Umel lounged on his bunk, languidly puffing on a crudely made rax pipe. He had the same pale skin, high cheekbones, and feathered wings that the other members of his race had – but as Valkredians went, he was a thoroughly ugly, scrawny, filthy specimen. His beady eyes were red and watery from narcotics abuse, his face was blotchy and covered in blemishes, his fangs were grayish-blue and crooked, and his long hair was limp and greasy.
But his most notable features were the bulky, mismatched, barely functioning bionic legs he tottered around on painfully. From what I'd heard, he'd lost his legs in a shoot-out while he was on the run from the law... needless to say, it was a sensitive topic for him, and many other Sives had been severely punished for bringing the incident up.
When he saw me, Umel bared his ugly teeth in a grin and hauled himself up into a sitting position.
“What have you got for me today?” he drawled, setting the pipe on the floor carefully. “Fresh blood? I could certainly use some. My hands are getting a little shaky, and this rax ain't cutting it.”
I shook my head, emptying my pockets on the blanket next to him. “Sorry. Just some of the fake plasma to tide you over, plus a couple bottles of Xehrulian anesthetics.”

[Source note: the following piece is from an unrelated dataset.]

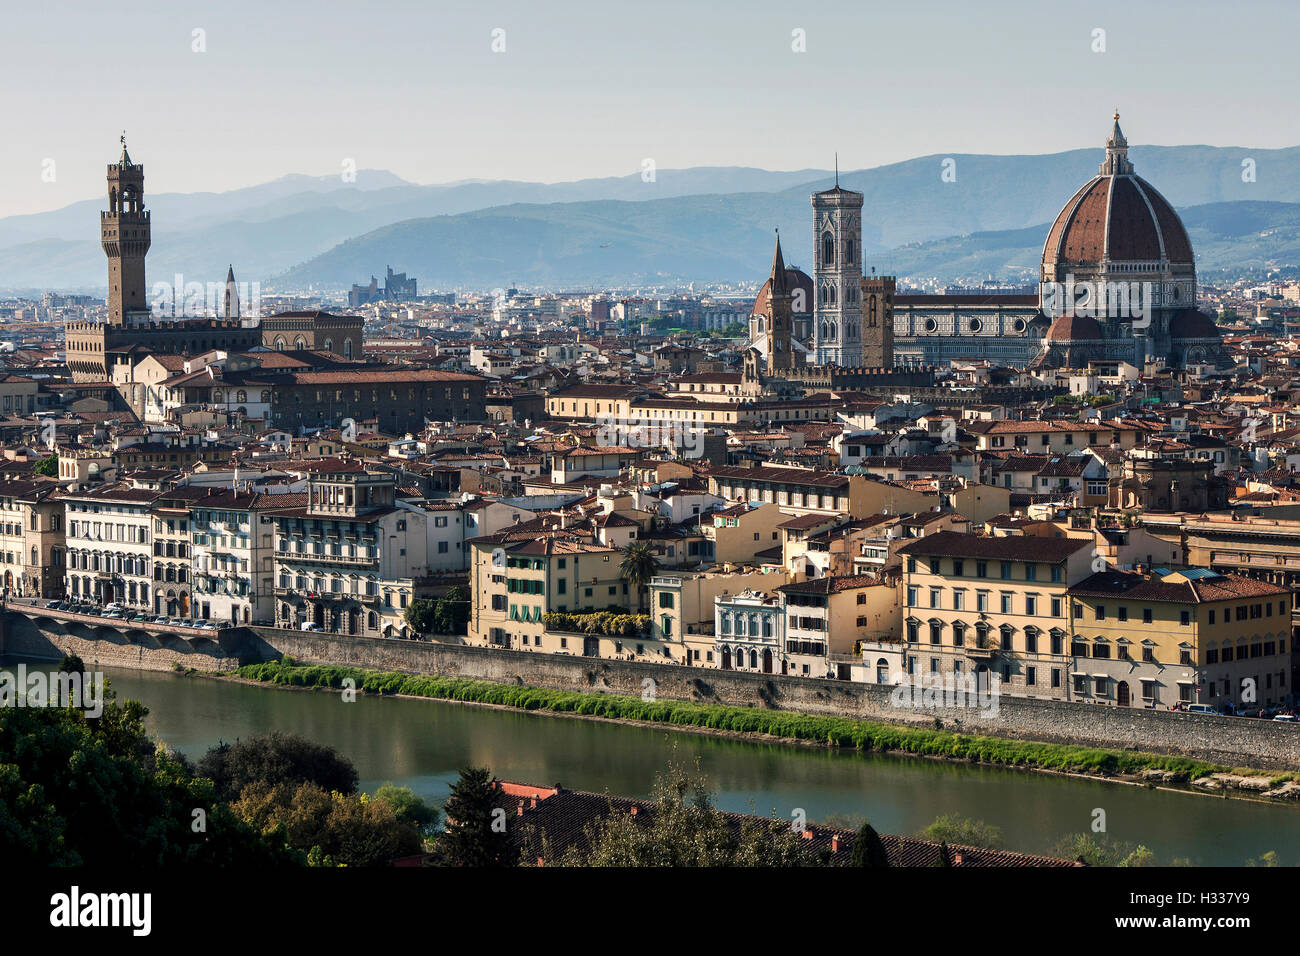 View from Piazzale Michelangelo, River Arno, Palazzo Vecchio, Dome and Cathedral of Santa Maria del Fiore, Florence, Tuscany Stock Photo

Umel let out a disappointed hiss, the corners of his mouth turning downward sharply as he grabbed a vial of plasma. “Fuck! That thrice-damned glutton Lozar is drinking up too much of the stuff. A couple of weeks ago, I'd have sent some of our guys to the infirmary to work the bastard over. But ever since your little friend Sharon went and executed her big jailbreak, we've had to keep our heads down to stay on Karaak's good side.”
He sucked down the plasma in two loud gulps, then shook a couple of the pills into his palm, popped them in his mouth, and crunched them between his foul teeth.